>>>
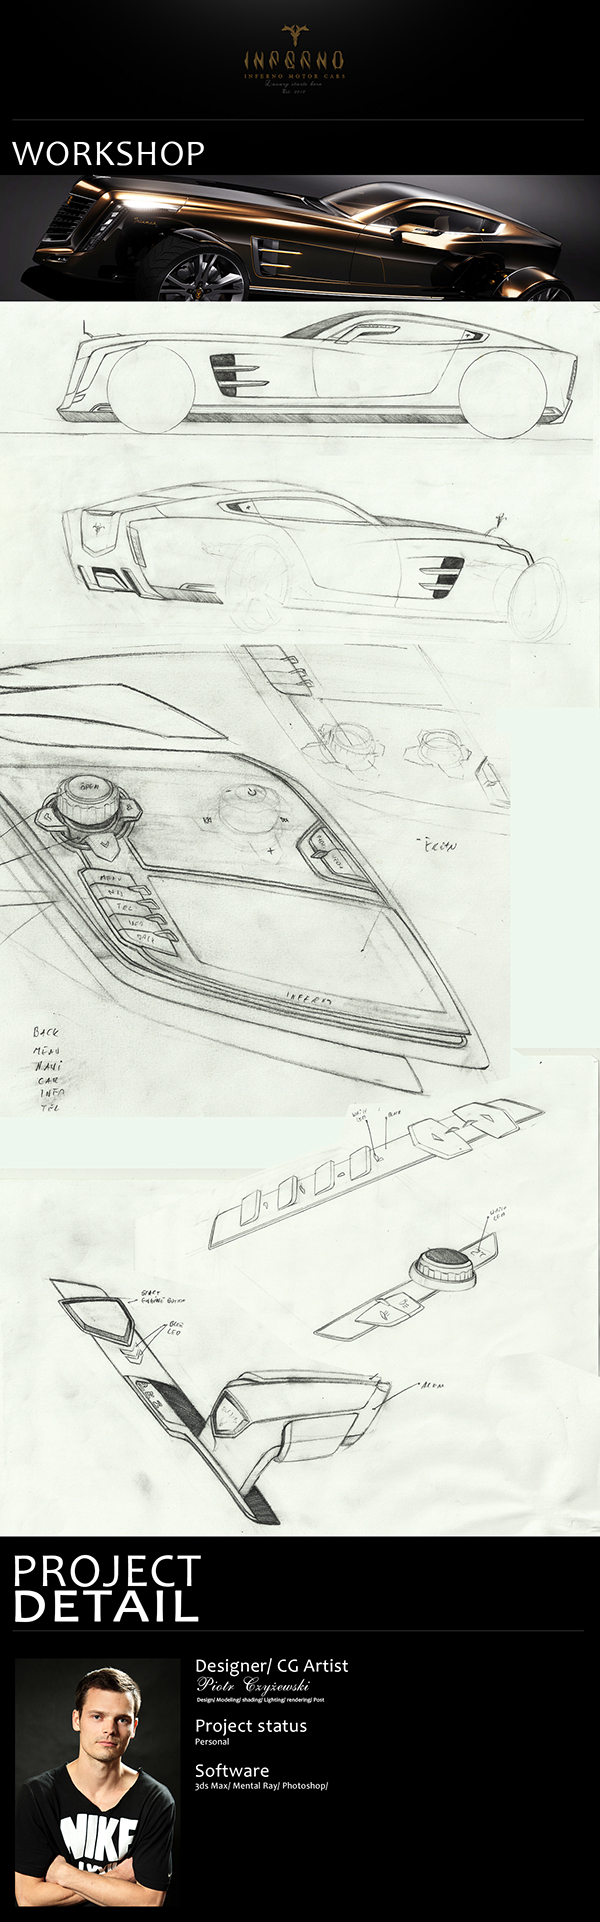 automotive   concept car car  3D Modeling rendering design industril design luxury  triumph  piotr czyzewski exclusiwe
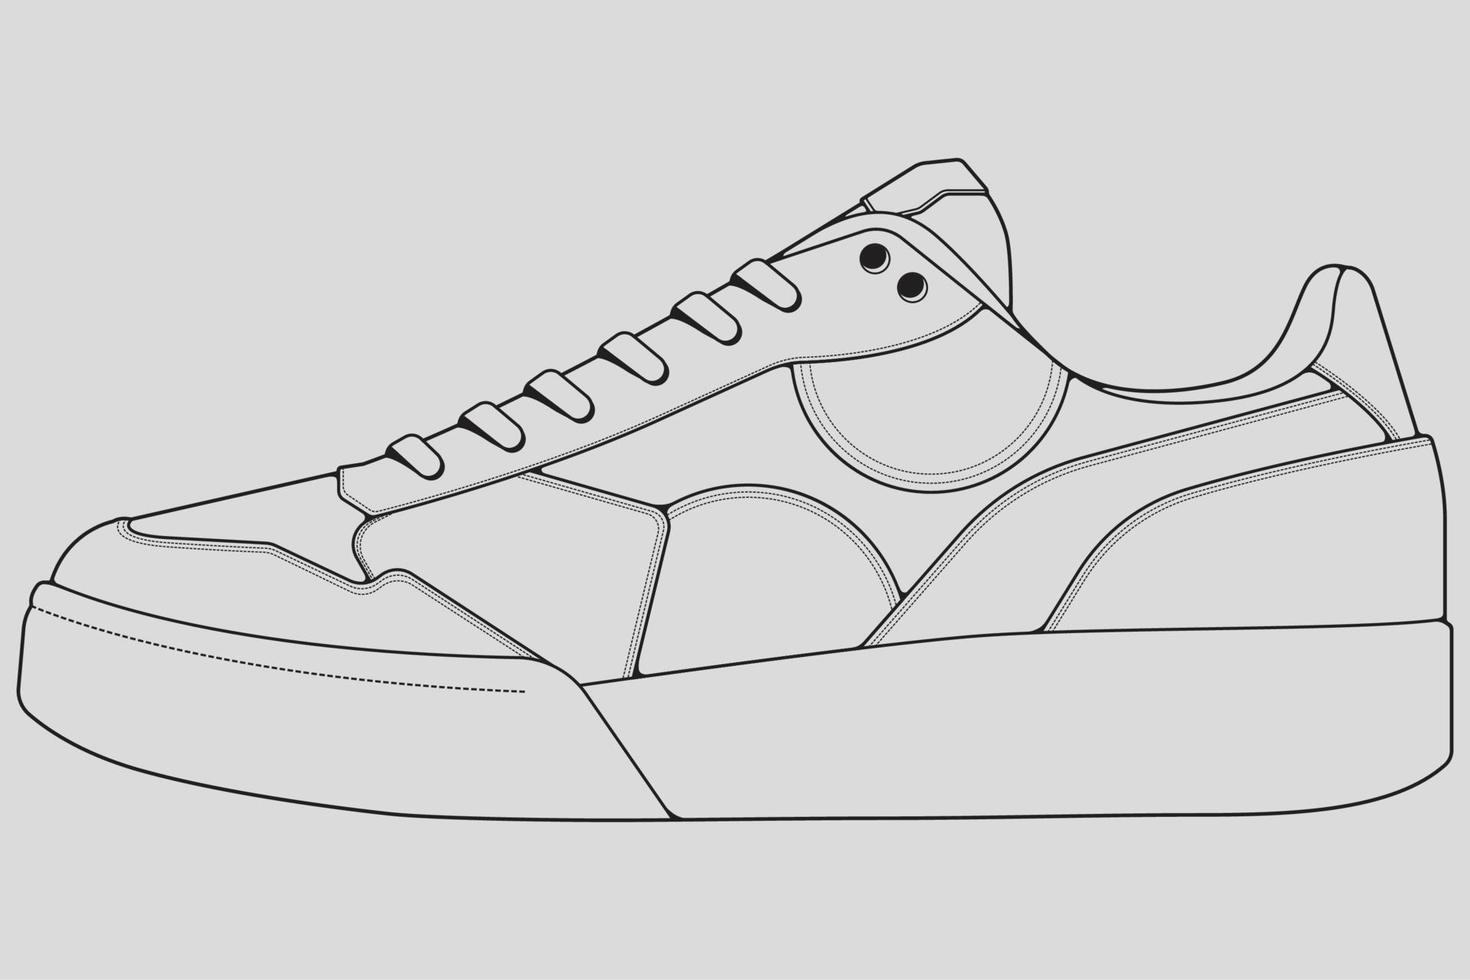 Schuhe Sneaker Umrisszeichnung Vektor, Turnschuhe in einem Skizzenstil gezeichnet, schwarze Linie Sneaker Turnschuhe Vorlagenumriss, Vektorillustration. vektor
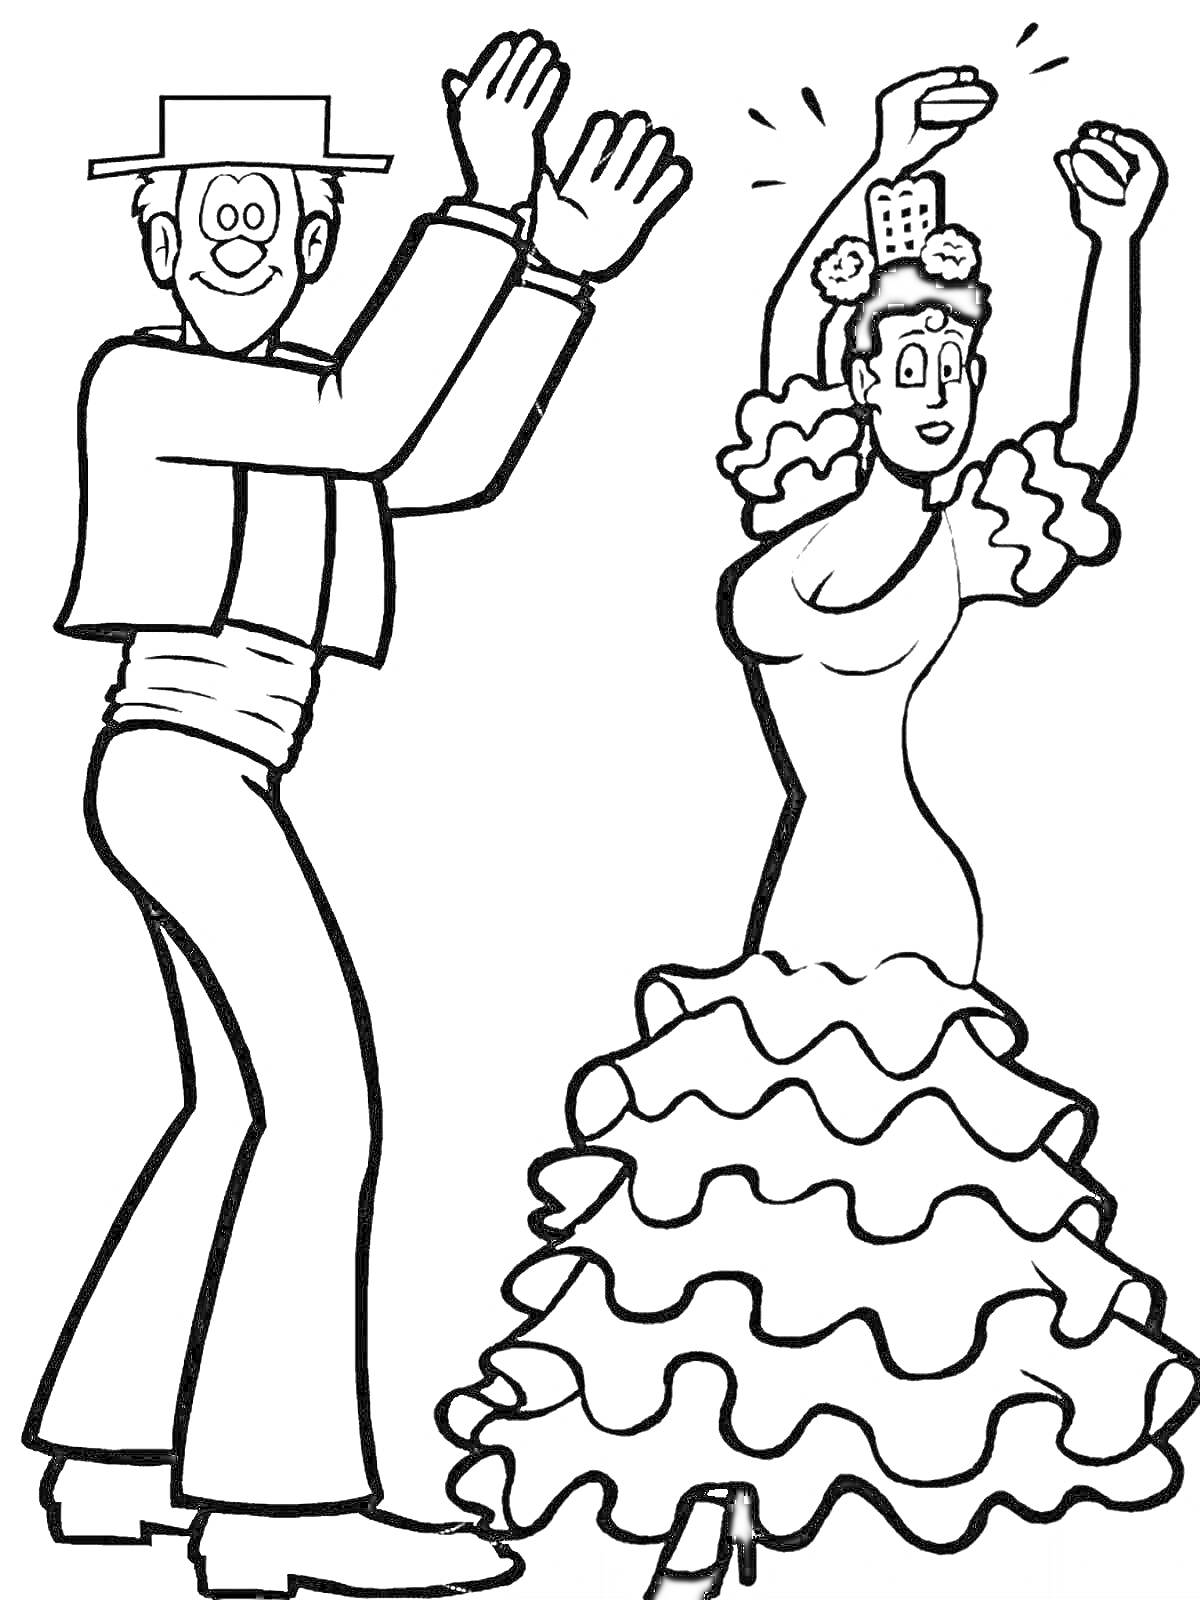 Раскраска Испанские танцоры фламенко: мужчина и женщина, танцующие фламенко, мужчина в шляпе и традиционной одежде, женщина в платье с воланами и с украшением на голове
<<<
>>>
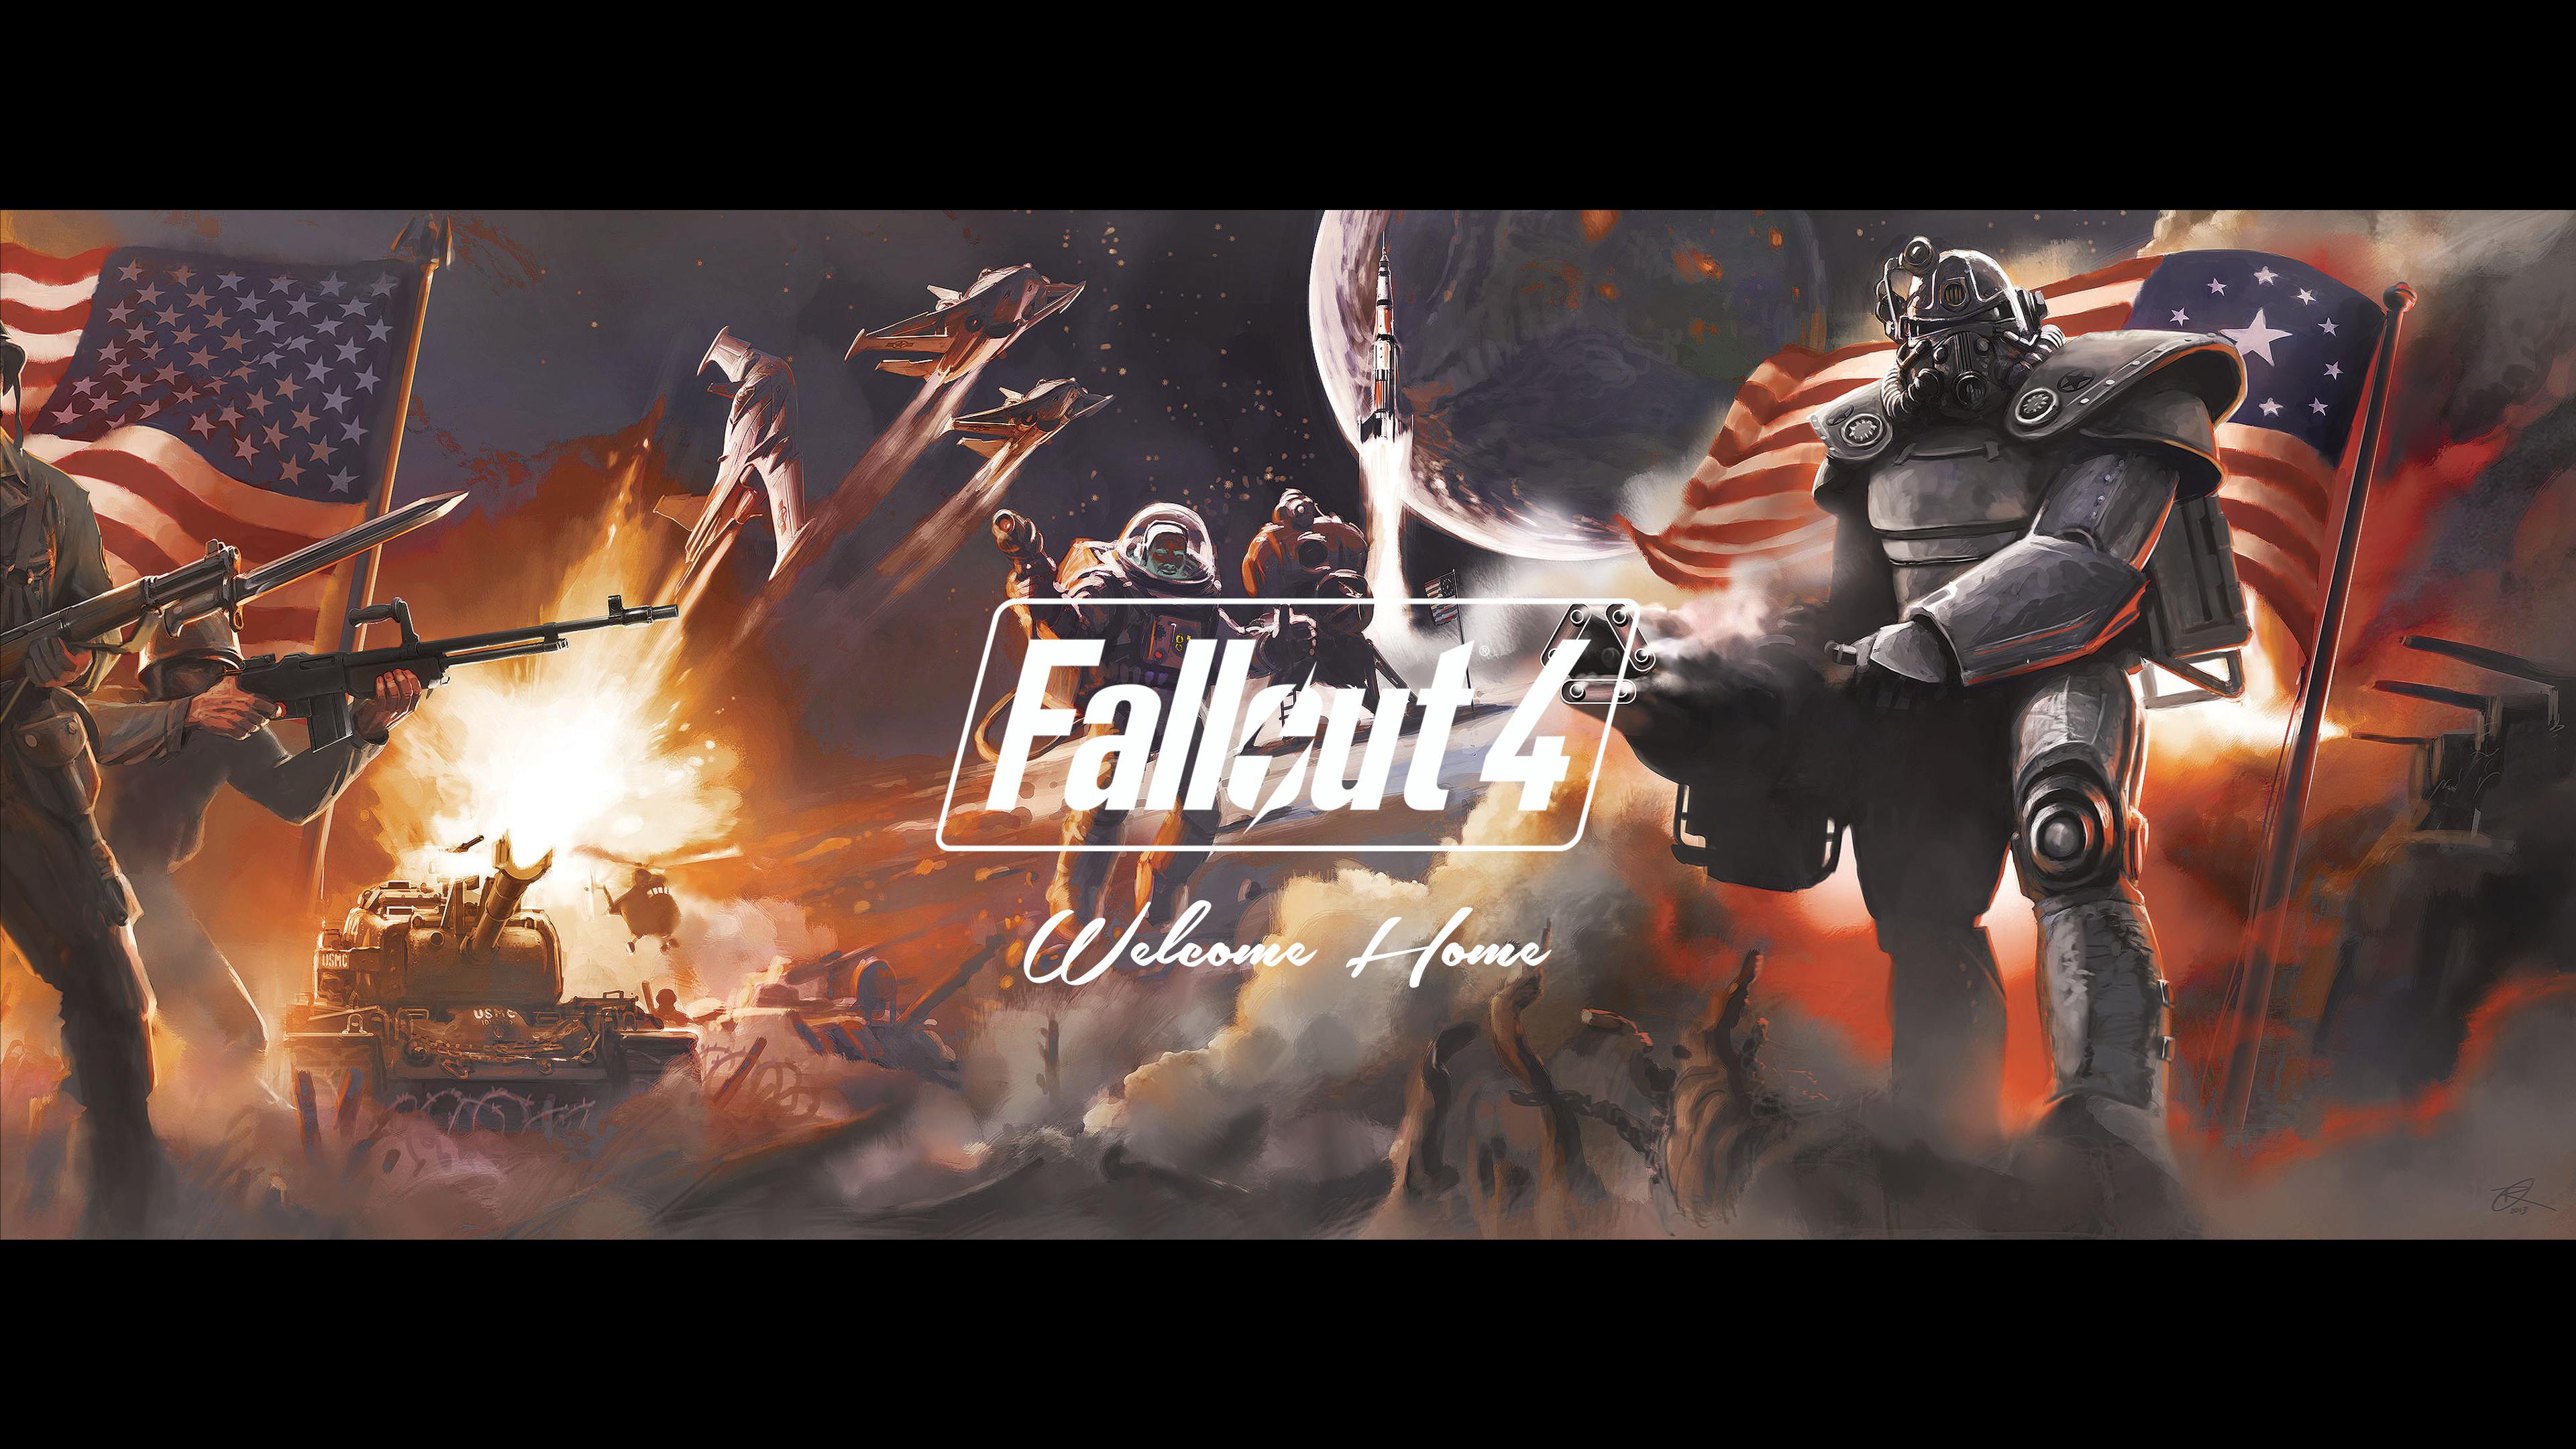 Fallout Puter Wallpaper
<<<
» What you have to do: From the records above, write out exactly the lines that begin at the line with "piotr czyzewski exclusiwe" and end at the line with "Schuhe Sneaker Umrisszeichnung". Pictures must not appear in the output.

» Your response:
 automotive   concept car car  3D Modeling rendering design industril design luxury  triumph  piotr czyzewski exclusiwe
 Schuhe Sneaker Umrisszeichnung Vektor, Turnschuhe in einem Skizzenstil gezeichnet, schwarze Linie Sneaker Turnschuhe Vorlagenumriss, Vektorillustration. vektor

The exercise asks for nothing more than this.